More than 100 Australians are suspected to be fighting with the Islamic State movement and other terrorist groups in Syria and Iraq. Up to 50 percent of those fighters were estimated to be dual citizens, Prime Minister Tony Abbott said.
The amendments to the Citizenship Act would allow Islamic State supporters both overseas and at home to be treated the same as Australians who join foreign armies at war against Australia, Abbott said.
The Immigration Minister Peter Dutton would have the discretion to revoke Australian citizenship from dual nationals suspected of terrorism, even if they had been not been convicted of any offense, Abbott said. The decision would be subject to judicial appeal.
“There should be no difference in how we treat Australians who join a hostile army and those engaged in terrorism - both are betraying our country and don't deserve to be citizens of Australia,” Abbott said in a statement.
The amendment would bring Australian citizenship laws closer to those the United States, Canada, France and Britain, he said. No one was to be left stateless by losing their Australian citizenship.
Foreign Minister Julie Bishop told Parliament that a 26-year-old Australian woman whom newspapers reported on Tuesday had abandoned her two children, aged 5 and 7, in Sydney this month to go to Syria and join the Islamic State movement was not an isolated case. There are an estimated 30 to 40 Australian women engaged with or supporting terrorists in the two countries, she said.
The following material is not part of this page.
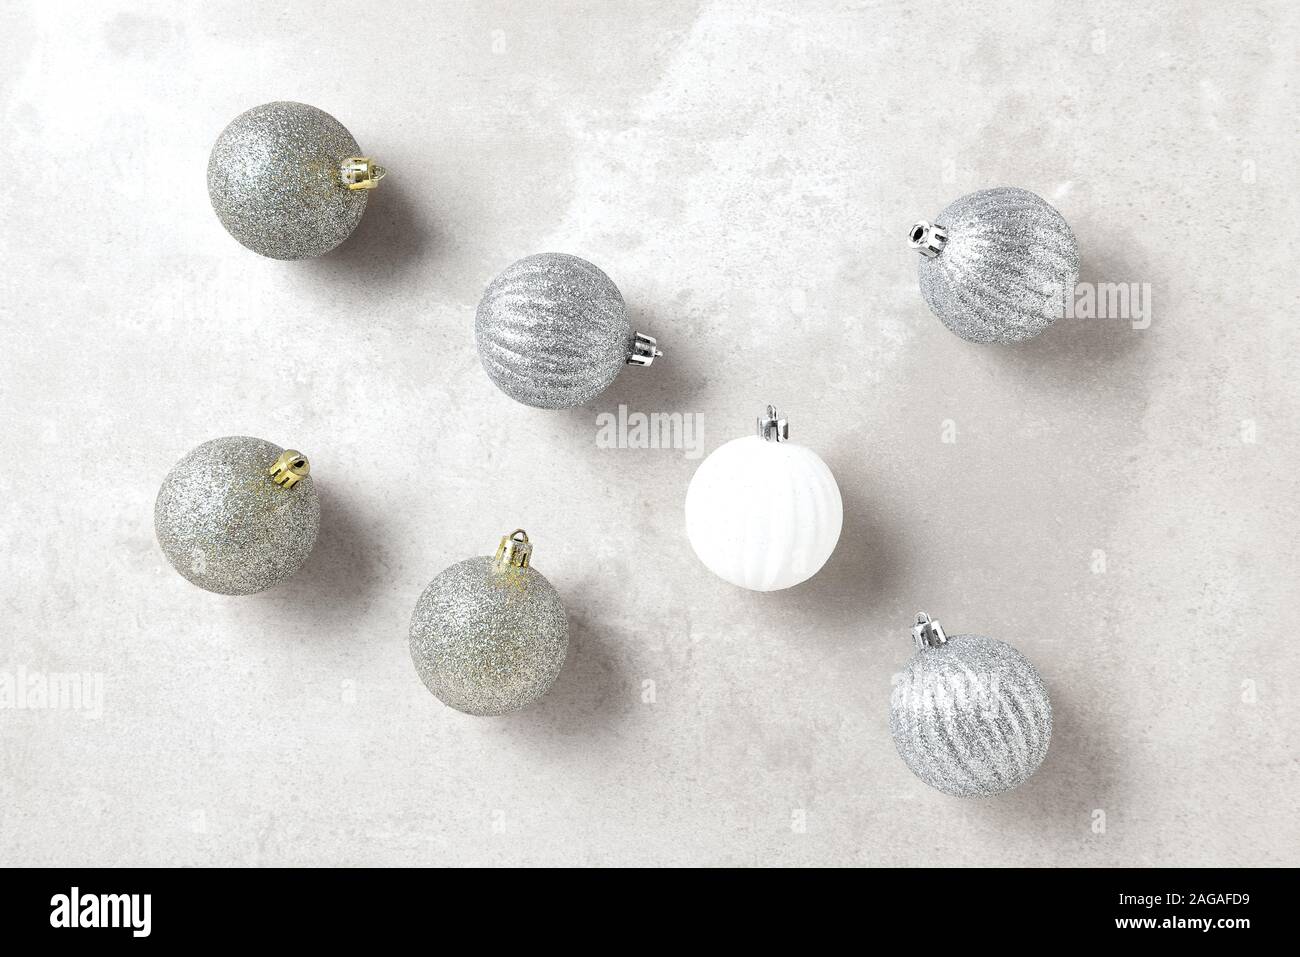 L'argent et l'or des ornements de Noël avec une seule boule blanche, format horizontal sur un gris clair table. Banque D'Images

“I'm deeply pessimistic about the fate of this apparently troubled young woman, but I'm thankful she left her children in the safety of Australia and didn't put them in mortal danger as others have done,” Bishop told Parliament.
“It's simply incomprehensible that while streams of innocent young women and girls are desperately trying to get away from Daesh, young Australian women and girls are seeking to join them,” she added, referring to the Islamic State movement.
The government plans to spend 40 million Australian dollars ($31 million) on new intervention programs and community initiatives to prevent young Australians from leaving the country to join terror groups, she said.